When carbonyl and chloride ligands are coordinated to the metal cation in the plane of the MS2 bonds, they increase significantly the energy gap between persulphides and sulphides. The metal–sulphur bonds are lengthened upon carbonyl and chloride ligand coordination in disulphides and persulphides, while the S–S bond in persulphides XM(S2) is strengthened. The Co–S bonds are weakened more significantly by carbonyl ligands for Co(S2) and CoS2 (lengthening of 0.05–0.06 Å) while chloride anion coordination causes minor change of Co–S bonds in ClCo(S2) (0.003 Å), but more significant strengthening of the S–S bond, Table 2. For XFe(S2) and XFeS2 the trends are similar, with the exception that both carbonyl and chloride coordination weaken significantly the Fe–S bond in XFe(S2), as it is lengthened by 0.07 Å. Carbonyl coordination is stronger, as evidenced by the Co–CO and Fe–CO bonds, which are by up to 0.3 Å shorter as compared to the Co–Cl and Fe–Cl bonds. Both ligands, CO and Cl− can be used for fine tuning of electrophilic/nucleophilic properties in the clusters, see Fig. 2.
|
| Fig. 2 Molecular electrostatic potential (MEP) map of a) Cl–Co(S2), b) CO–Co(S2) and c) Co(S2), global minimum. Sulphur atoms are yellow, cobalt – red, chloride anions – green, carbon – grey, oxygen is light blue.
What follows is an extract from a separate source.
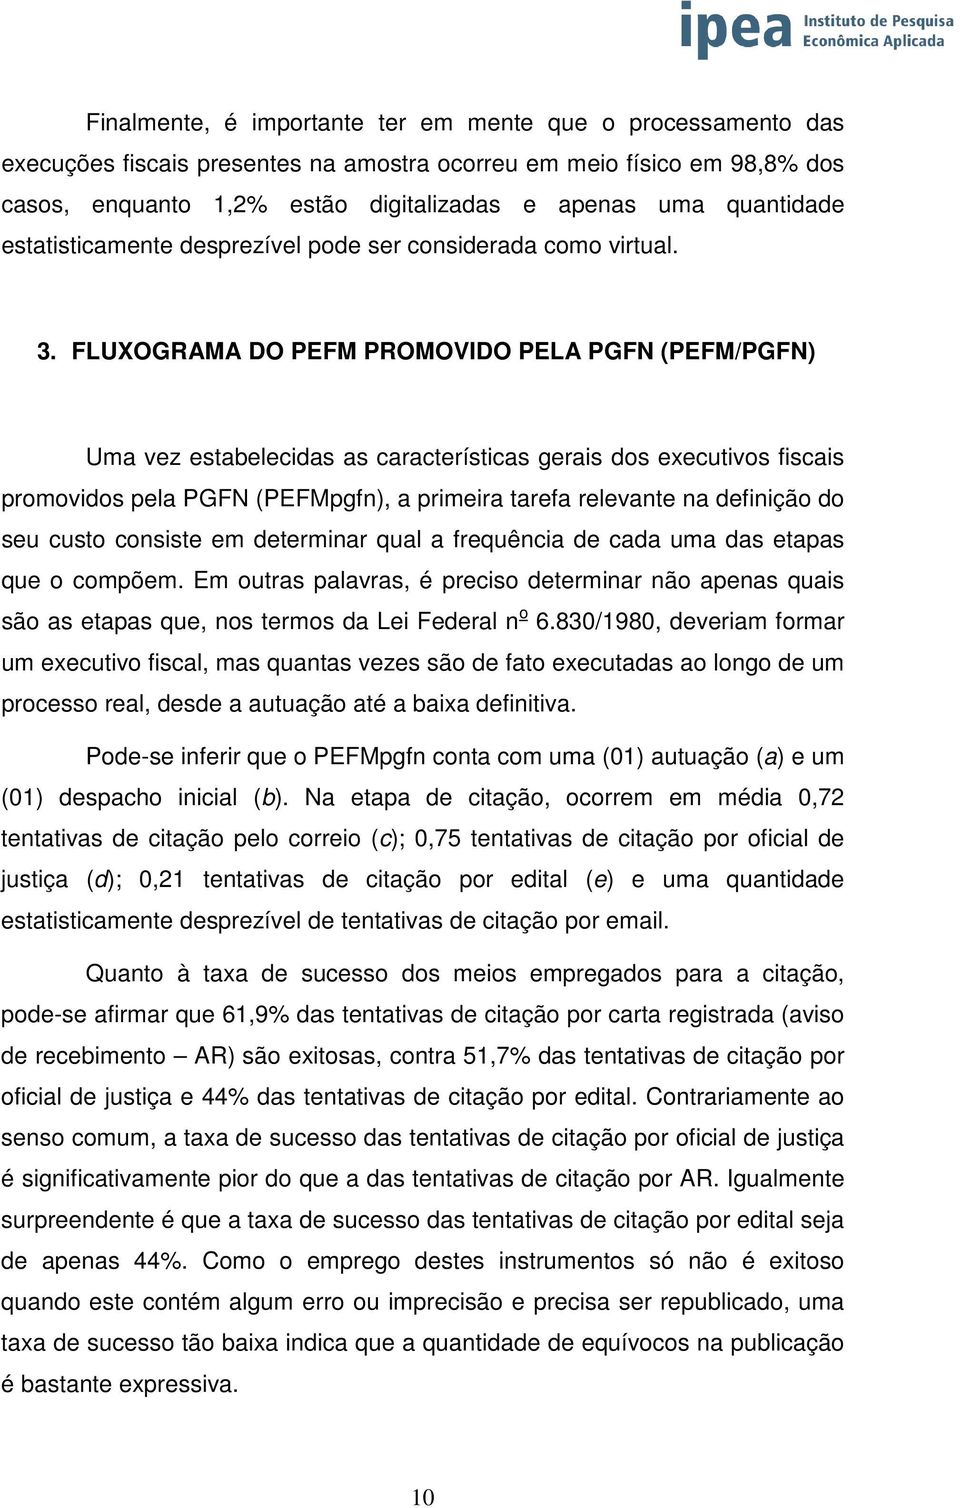 FLUXOGRAMA DO PEFM PROMOVIDO PELA PGFN (PEFM/PGFN) Uma vez estabelecidas as características gerais dos executivos fiscais promovidos pela PGFN (PEFMpgfn), a primeira tarefa relevante na definição do

Electrophillic area is golden yellow, nucleophillic areas – dark blue. Contour lines are drawn at 0.085 a.u. | |
The chloride and carbonyl ligands act in favour of electron density delocalization in a different way. In the chloride coordinated Co(S2), the electronegativity at the ligand dominates. Carbonyl ligands are a strong electron donor and therefore the charge on sulphur centres becomes more negative. The two symmetric clouds of increased electron density above and below the molecular plane at the sulphur atoms, which are already present in Co(S2), Fig. 2c, become larger. The charge distribution confirms that carbonyl groups increase the polarity of Co–S and Fe–S bonds, see Table S2 in ESI.† Chloride coordination decreases the probability of a nucleophilic attack at the sulphur centres.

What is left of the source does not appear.